Aim of the exercise
Every line below is to be given again precisely; images are to be left out.

Data excerpt
((

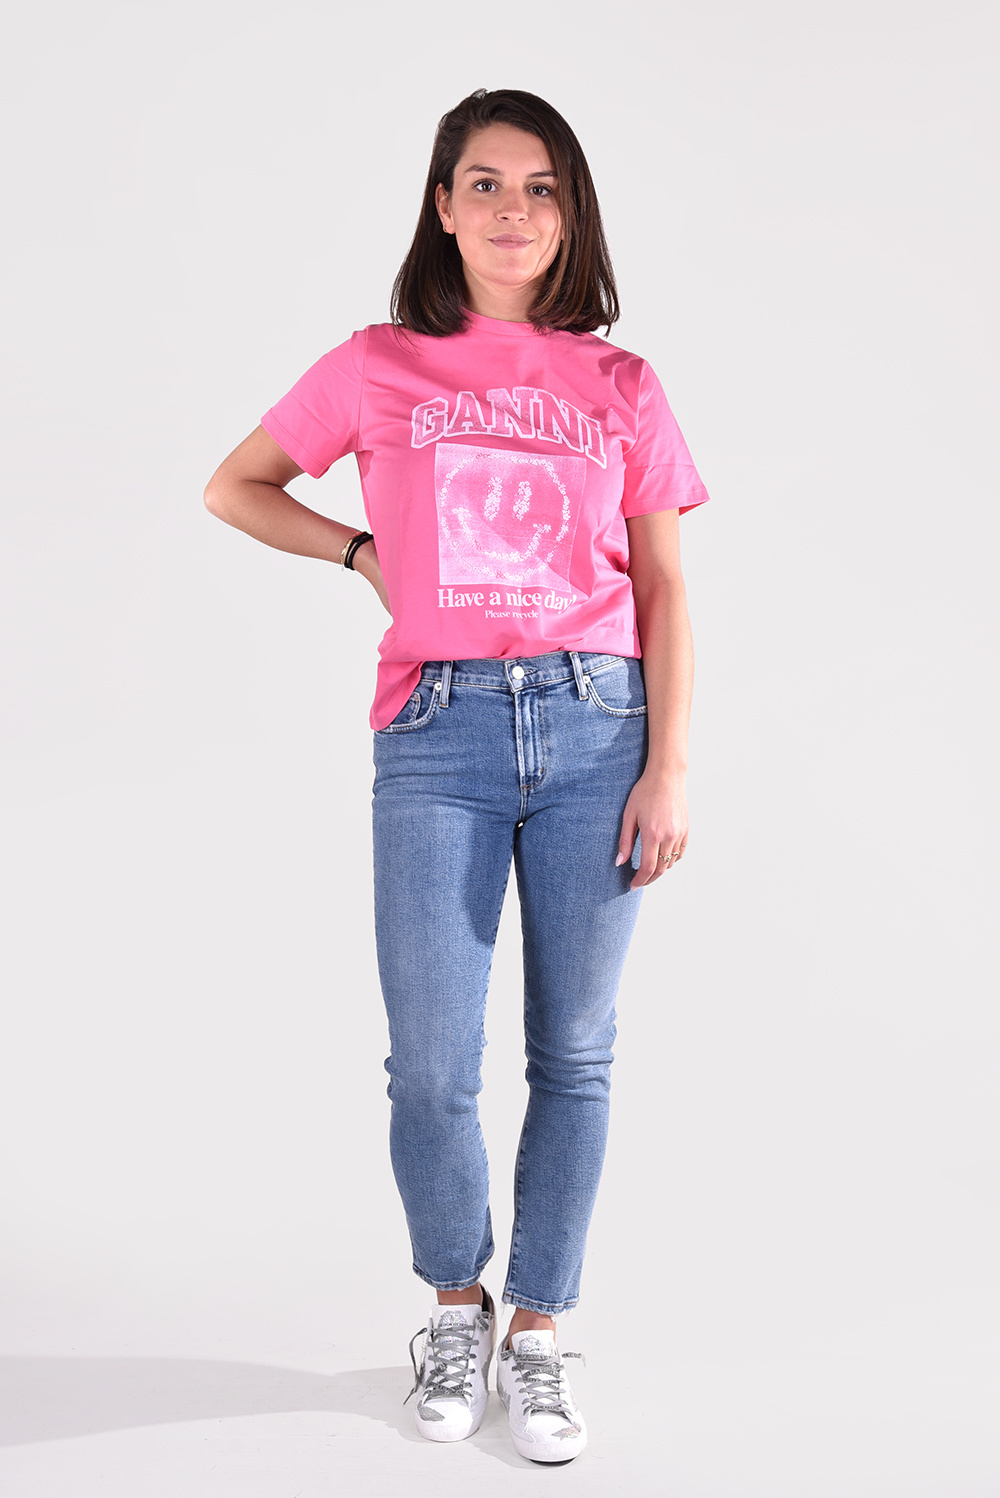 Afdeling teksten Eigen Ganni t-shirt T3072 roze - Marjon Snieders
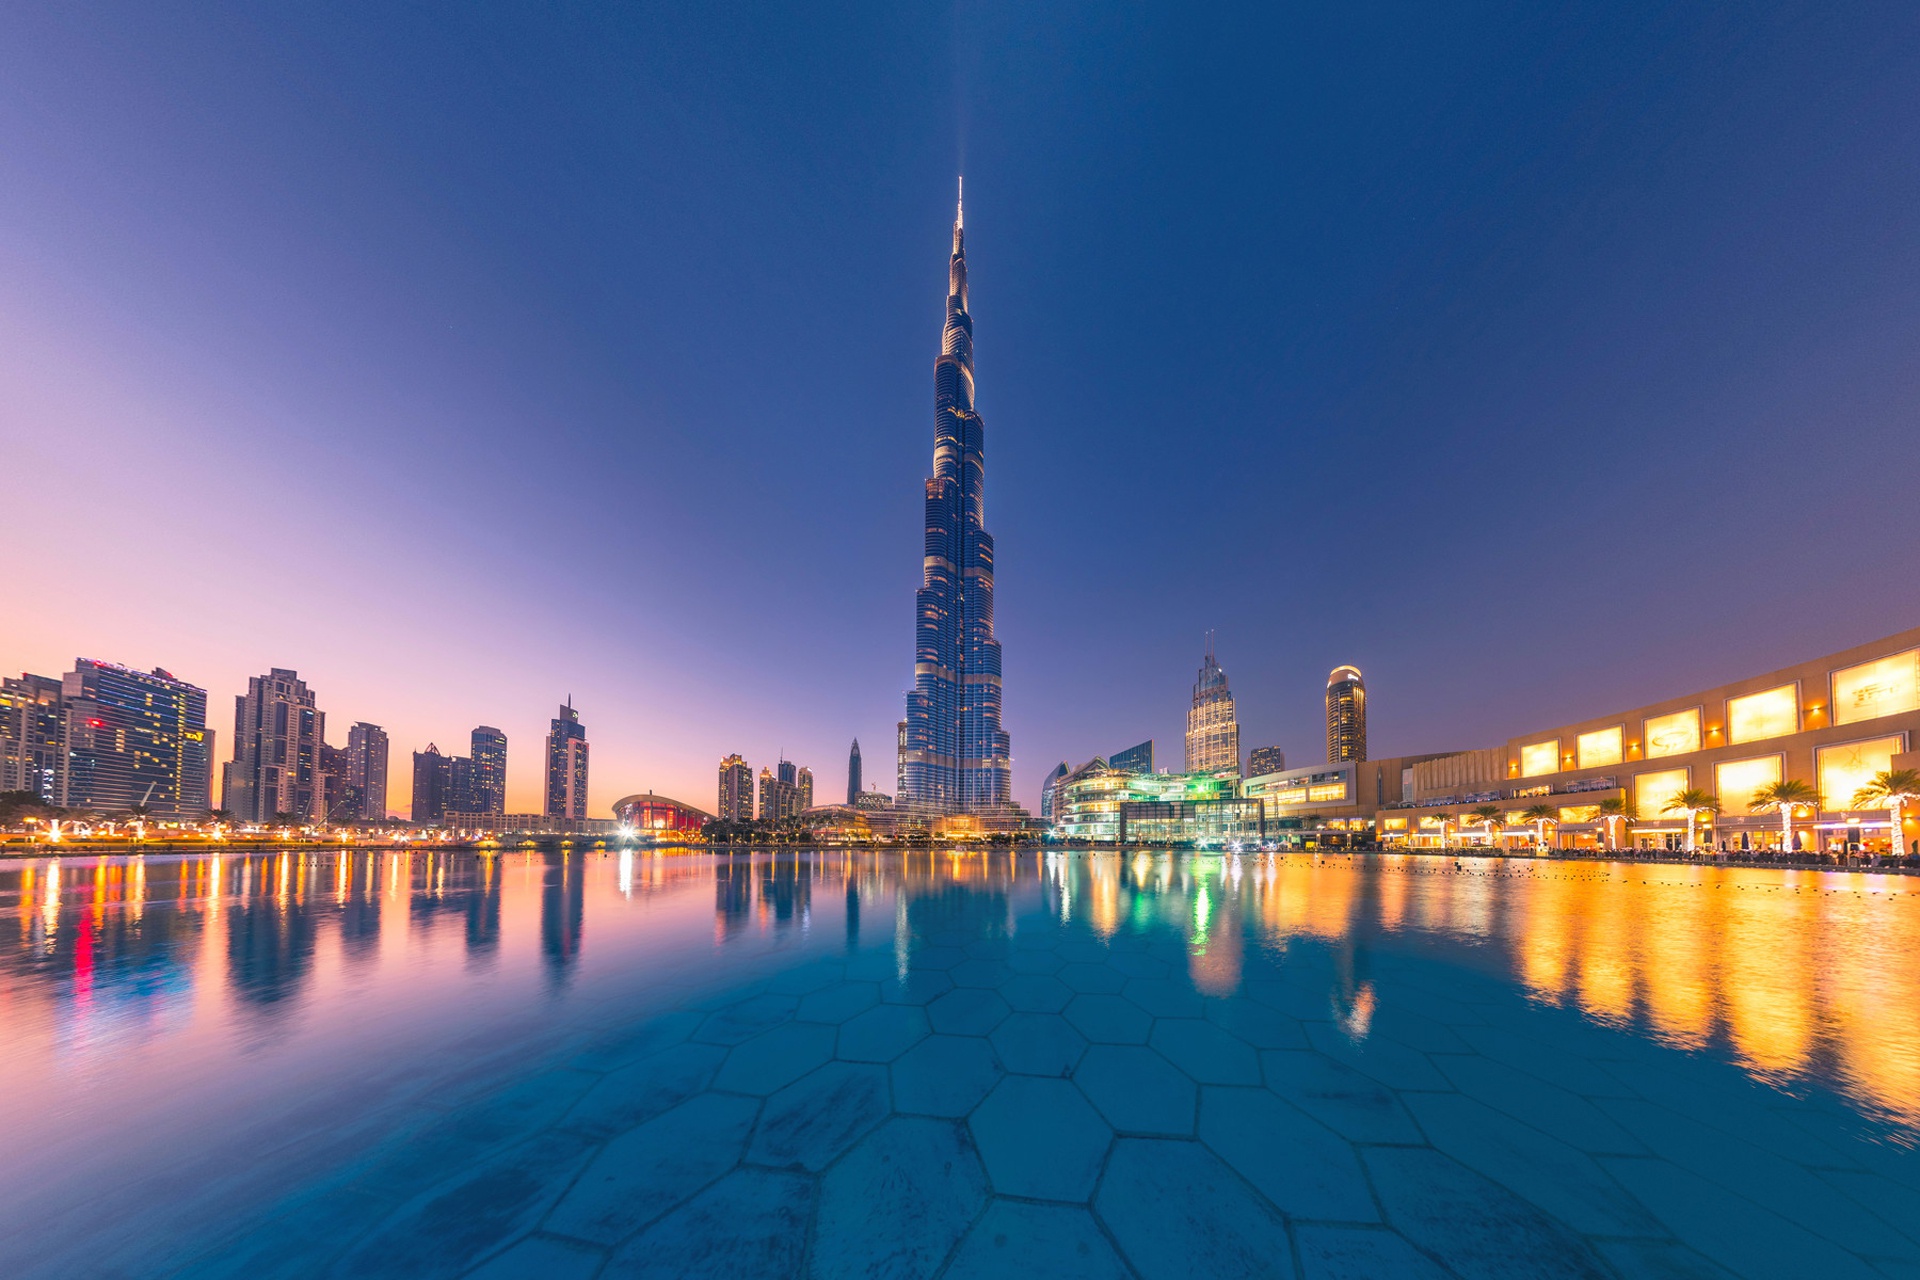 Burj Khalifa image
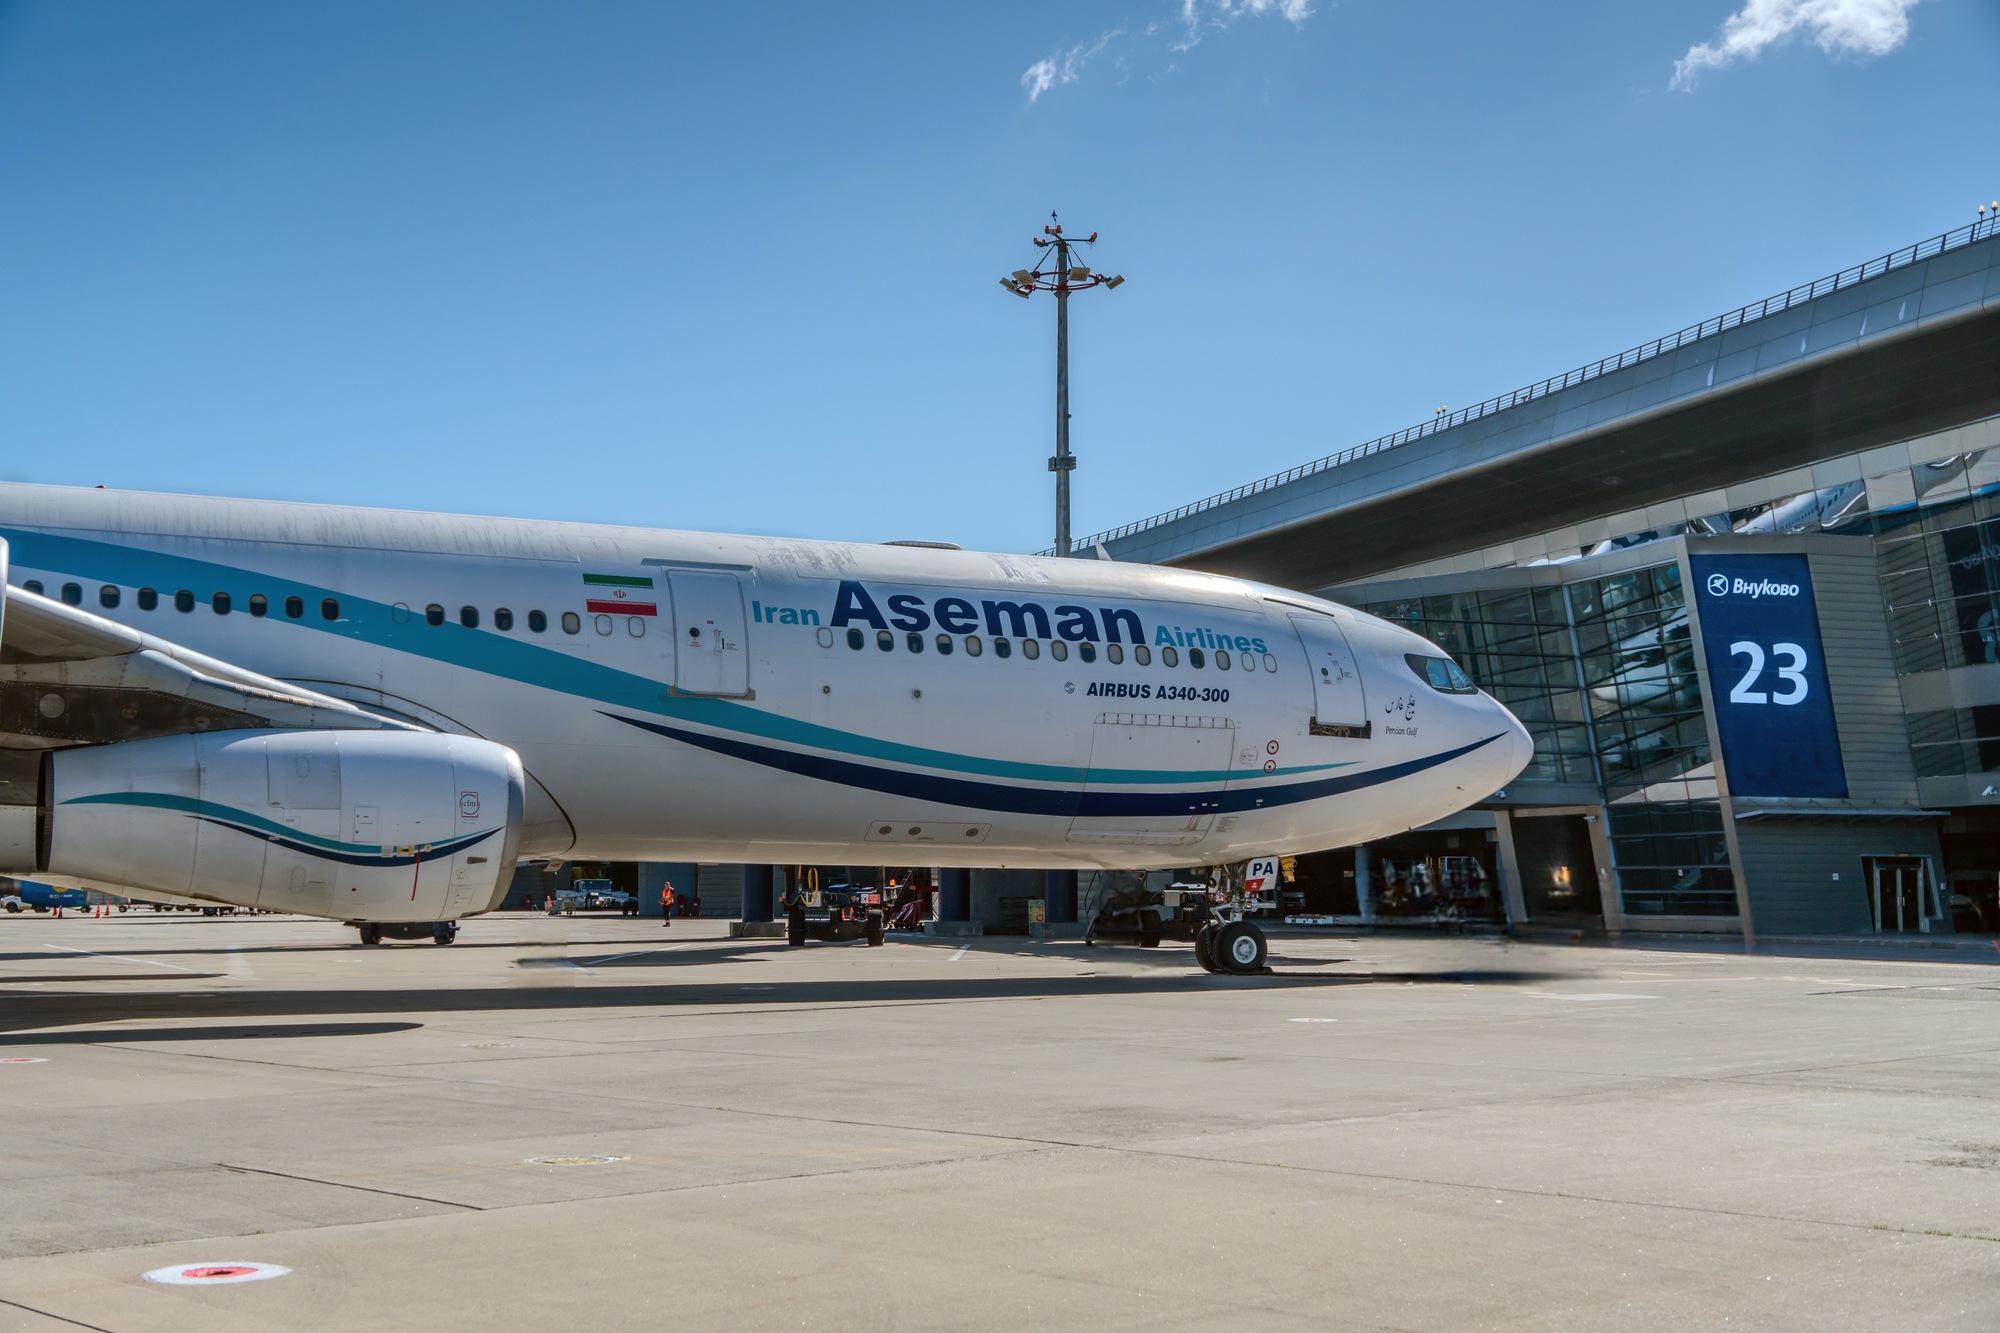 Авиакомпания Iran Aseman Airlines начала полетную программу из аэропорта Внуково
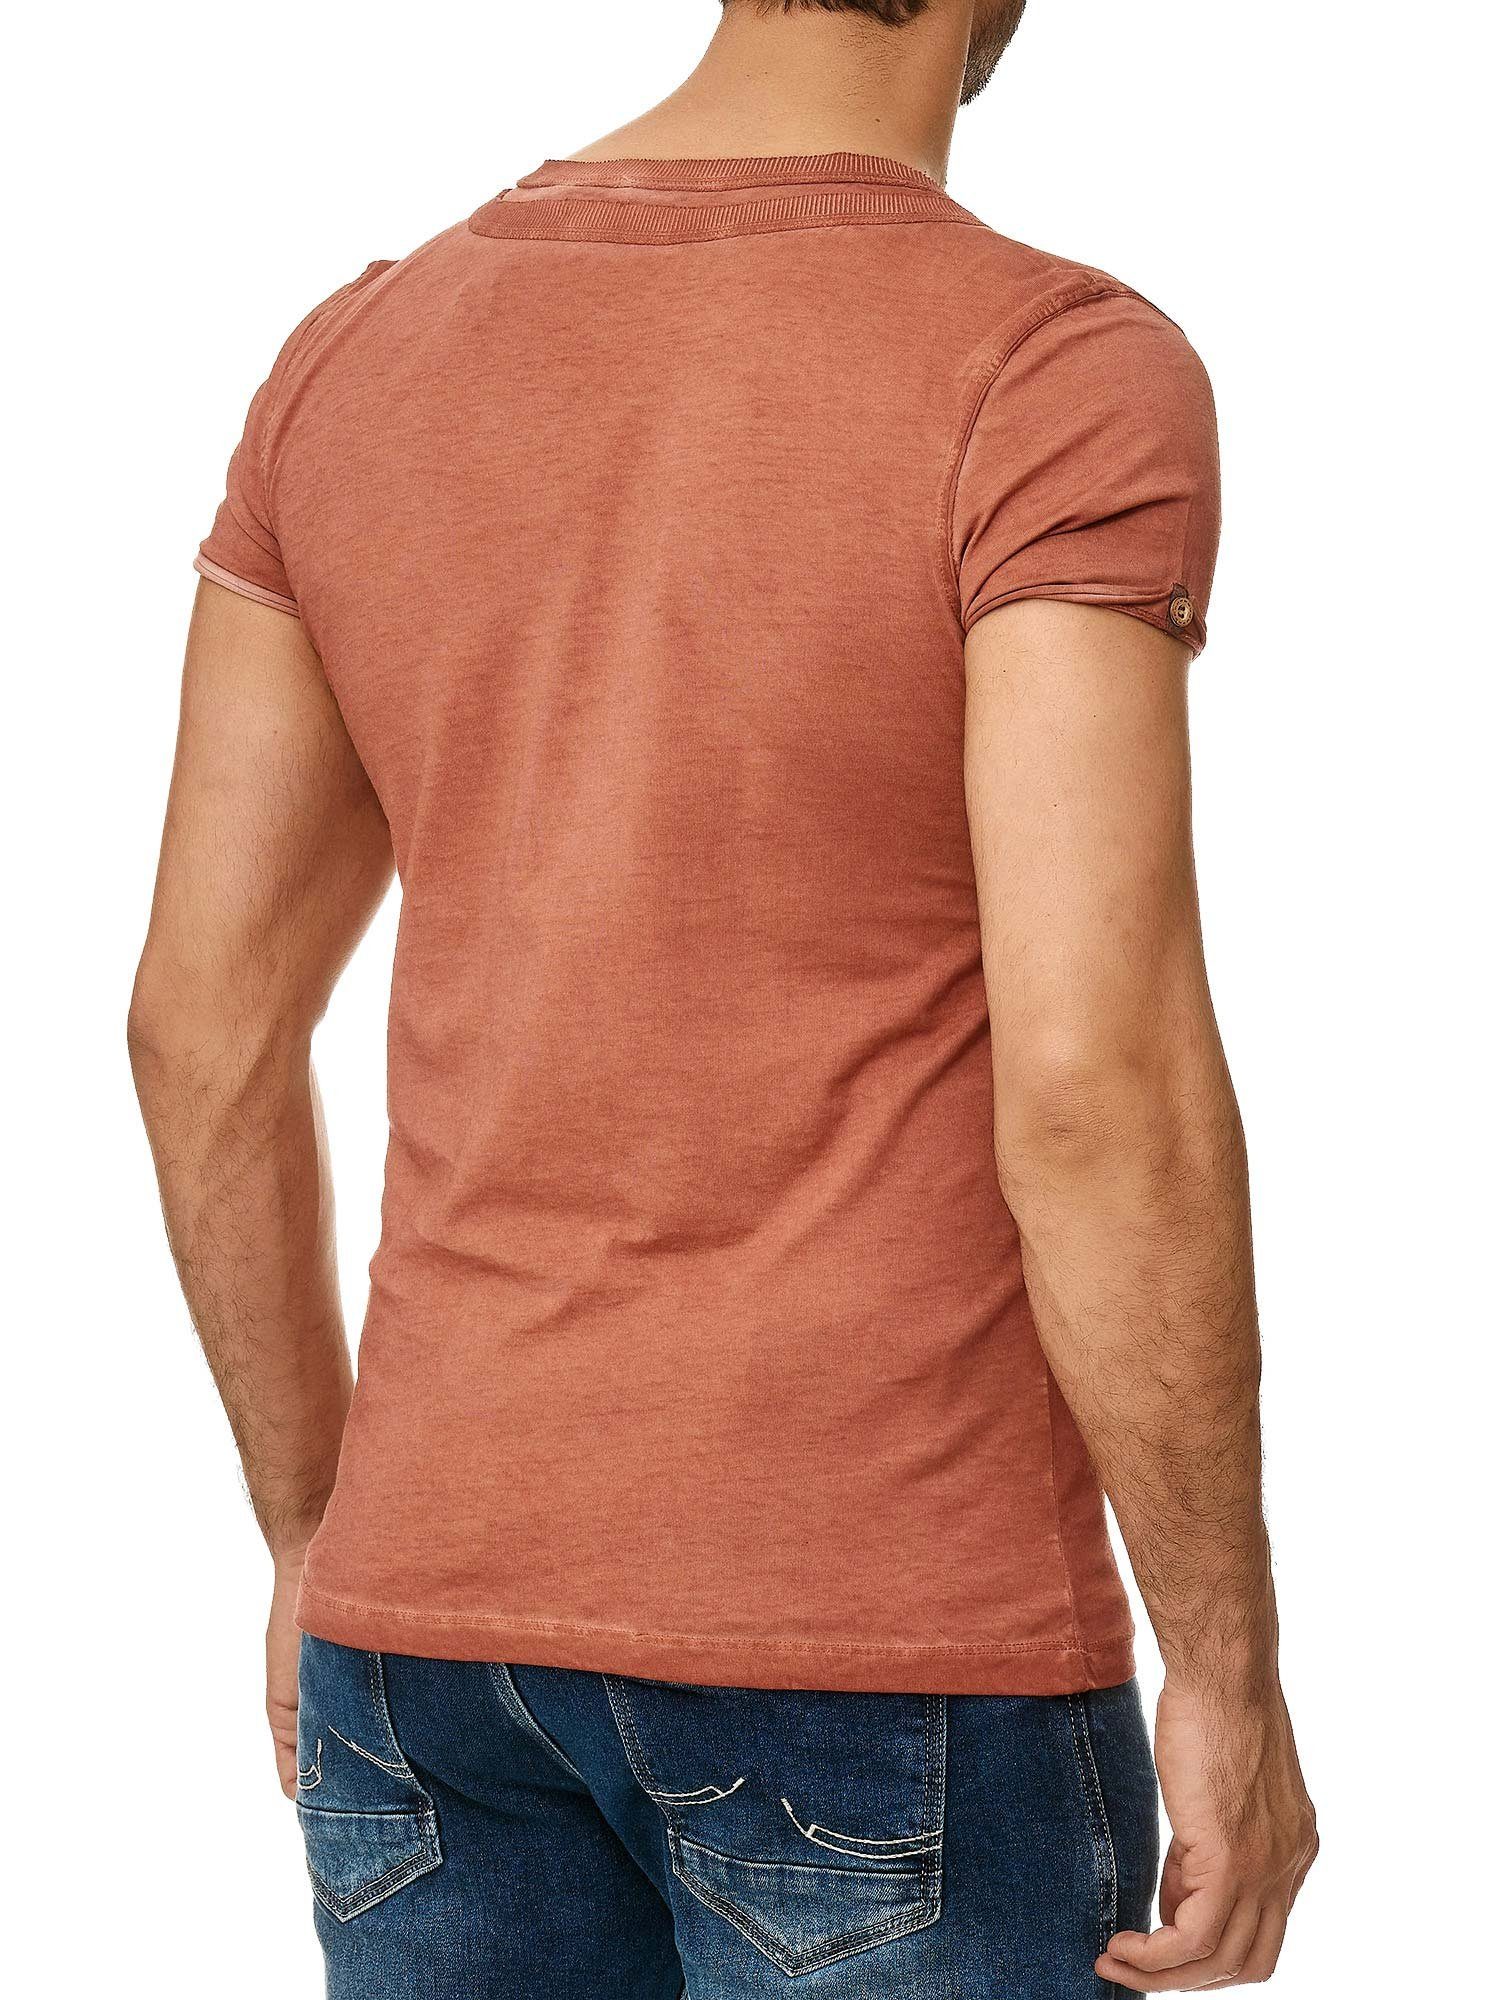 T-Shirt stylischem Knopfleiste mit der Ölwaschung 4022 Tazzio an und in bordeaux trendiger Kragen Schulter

))

Written solution
 Afdeling teksten Eigen Ganni t-shirt T3072 roze - Marjon Snieders
 Burj Khalifa image
 Авиакомпания Iran Aseman Airlines начала полетную программу из аэропорта Внуково
 T-Shirt stylischem Knopfleiste mit der Ölwaschung 4022 Tazzio an und in bordeaux trendiger Kragen Schulter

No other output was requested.